For my ongoing series of generative video works, I use simple formulas to edit and compress popular movies, revealing secret biases, hidden meanings and complex relationships just below the surface. In at interval, for example, I removed all dialogue from Woody Allen’s ‘Annie Hall’, leaving only 13 minutes of stutters, gasps, and oral fumbles. Here, I’m citing the in-betweens, accenting the impossibilities within language.

performance 2 (passage), public intervention documentationAnd finally, my public interventions are currently realized as architectural structures made of rope, built to scale and held up by live performers. These are ephemeral arrangements that, nonetheless, carve out space and frame their contexts. They twist the idea of ‘public place’ by their double activation: first, through the volunteers who stretch the forms outward and around them; and second, through the communal play of the onlookers-turned-participants, who give the pieces a performative turn.

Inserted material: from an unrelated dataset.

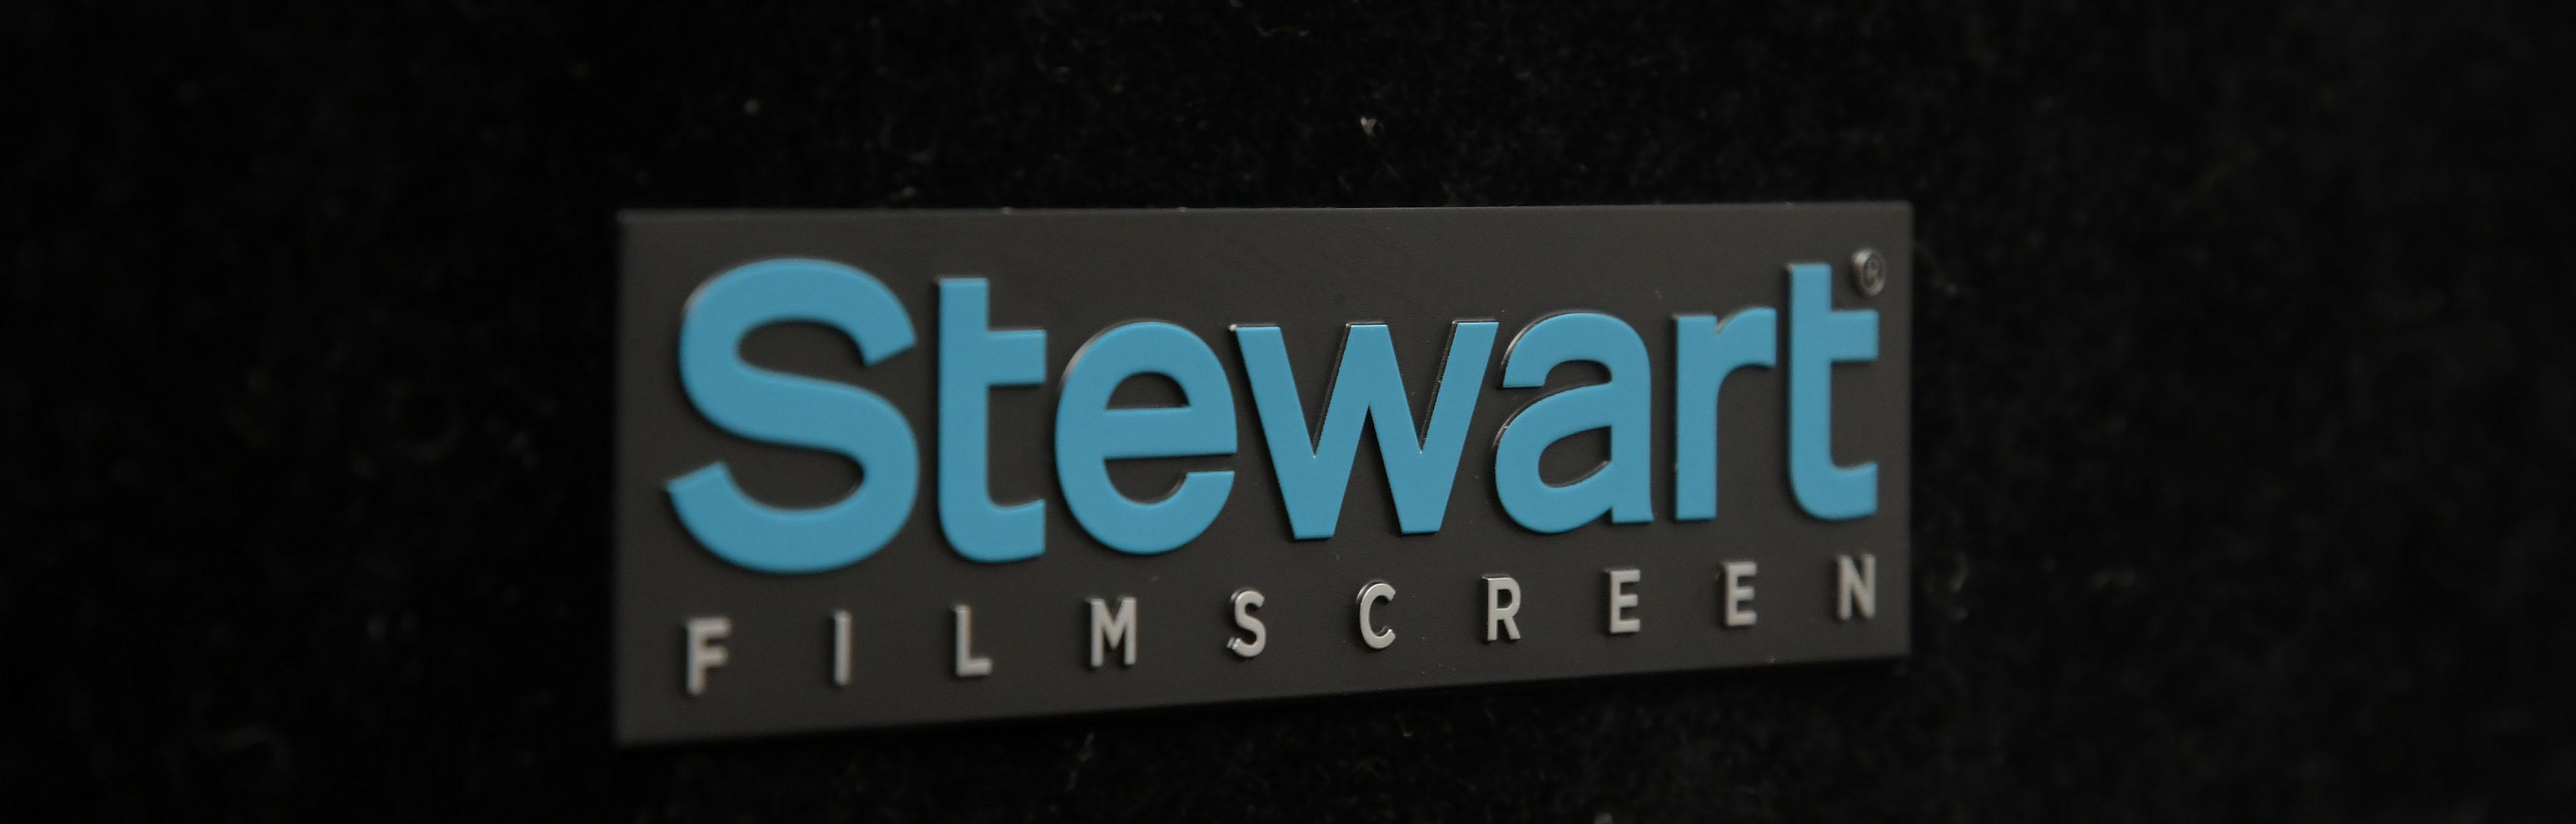 01 - Stewart - Logo auf Rahmen - Foto Michael B. Rehders

Academic inquiry and writing are also essential parts of my practice. The art and research PhD I’m currently working towards at Trinity College takes on Brian Massumi’s task of putting “movement, sensation, and qualities of experience” back into our understandings of embodiment without “contradicting the very real insights of poststructuralist cultural theory,” but puts it in an arts-production context: “How might the body’s continuity, and its potential disruption, be attendant, provoked and contextualized in contemporary art?”

Through performance, provocation and play, my work seeks to infold that which is relational. I invite viewers to explore, to embody, and to re-imagine, spaces of emergence.